From AP:
BAGHDAD – Volleys of rockets struck the capital’s crowded Shiite Muslim neighborhood of Sadr City on Saturday, hitting a busy market, smashing into a home and killing at least seven Iraqis. Outside Baghdad, insurgents rocketed a U.S. military base, killing five soldiers.
Besides the deaths in the Sadr City rocket strikes, at least 26 Iraqis were reported killed in a bombing at Tikrit, clashes between Polish troops and Shiite militiamen in Karbala, U.S. raids overnight in Sadr City, and a roadside bombing south of Baghdad.
Five American solders were killed around dawn when two rockets fired from a truck hit the U.S. base at Taji, 12 miles north of Baghdad, Air Force Lt. Col. Sam Hudspath said. U.S. helicopter gunships then destroyed the truck, the military said.
Six soldiers were wounded in the attack, three of them critically, the military said. …
U.S. commanders have blamed Sunni Muslim insurgents for military-style rocket attacks on U.S. bases in the past. But people in the neighborhood blamed the Americans for Saturday’s rocket barrages, which came after the overnight clash.
After the rocket strike, residents chanted: “Long live al-Sadr! America and the Governing Council are infidels!”
Here’s an insightful piece by Walid Phares on this mess in Iraq: “Al-Qaeda’s War on Iraq.” Phares asks who is waging the war on Iraq, and then offers an answer:
Tuesday’s deadly bombings in Basra provide us with the answer. In several mortar and car bomb explosions, directed against police stations and civilians, terrorist attacks killed more than 70 men, women and children and injured nearly 250. The slaughter was a vivid reminder of similar attacks in several cities around the world including Istanbul, Riyadh, Madrid, Bali and Moscow. Mass killing of civilians has all the al-Qaeda hallmarks. But the Basra massacre has even more to tell us.

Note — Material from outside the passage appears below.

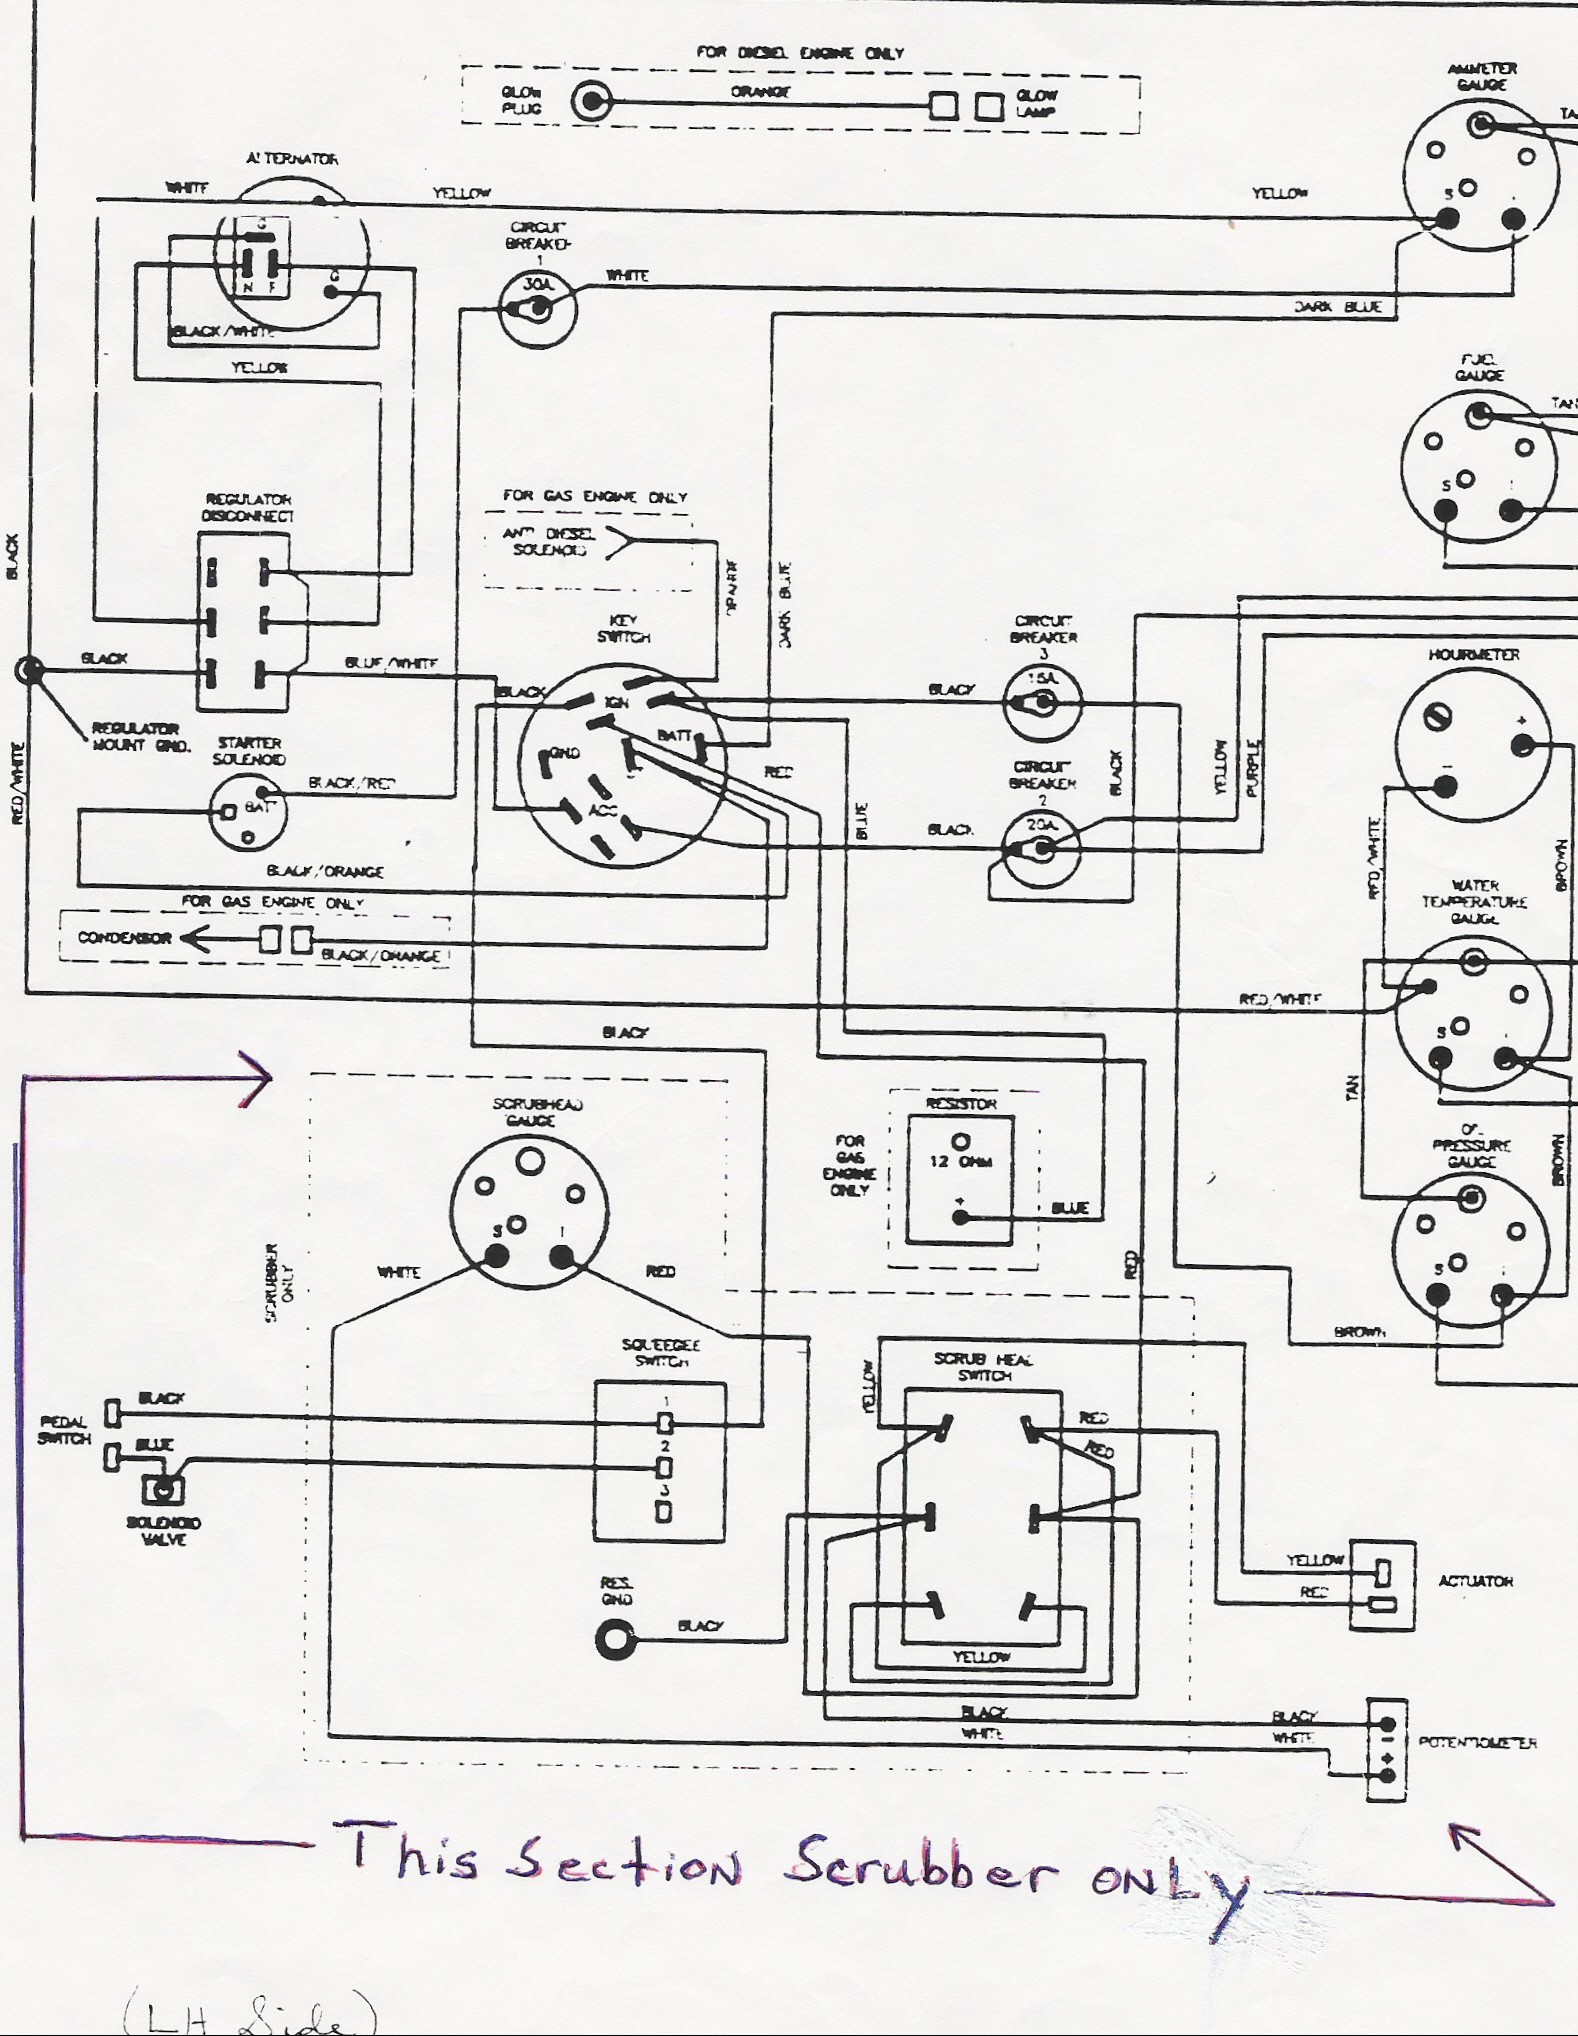 Wiring Diagram For an Rv Generator Best an Rv Generator Wiring

In targeting police stations, the attacks were meant not only to kill security officers, but also to disrupt the present and future security of Iraq. The aim goes beyond the British troops deployed in this major Shiite city; the real targets are the Iraqis who must become the backbone of stability and normal civil society in Iraq. What the attackers want to achieve is the preemptive assassination of normality for a society in search of peace and progress.
In place of these security forces, which will be serving future democratically elected governments, the terrorists want to see fundamentalist militia at the service of some emir or other. Thus the forces of reaction desperately try to block the march toward the future. If the new Iraq rises, radical forces will be reduced to gangs, or at best, marginal radical factions, which could hope to get at best only a few seats in the representative assemblies. That future is what these killers are trying to forestall.
Al-Qaeda may be emboldened by its bloodshed around the world and particularly in Iraq, but the Iraqis are not the Spanish voters, totally blinded by their own media. The people of Iraq have lived under terror longer than al-Qaeda has been in existence. Ordinary Iraqis, who have no links to the Fallujah Fedayeen or supporters of Muqtada al-Sadr, have deep instincts. They have been gassed in Halabja, tortured in Baghdad and piled up in mass graves. They understand the terror message; they know who their real enemy is. Yesterday morning in Basra, they saw the monster devouring the lives of their children. Unlike the Spanish voters, they will not submit to al-Qaeda, for one simple reason: They know that there is a war against their freedom, and that war on Iraq is al-Qaeda’s war.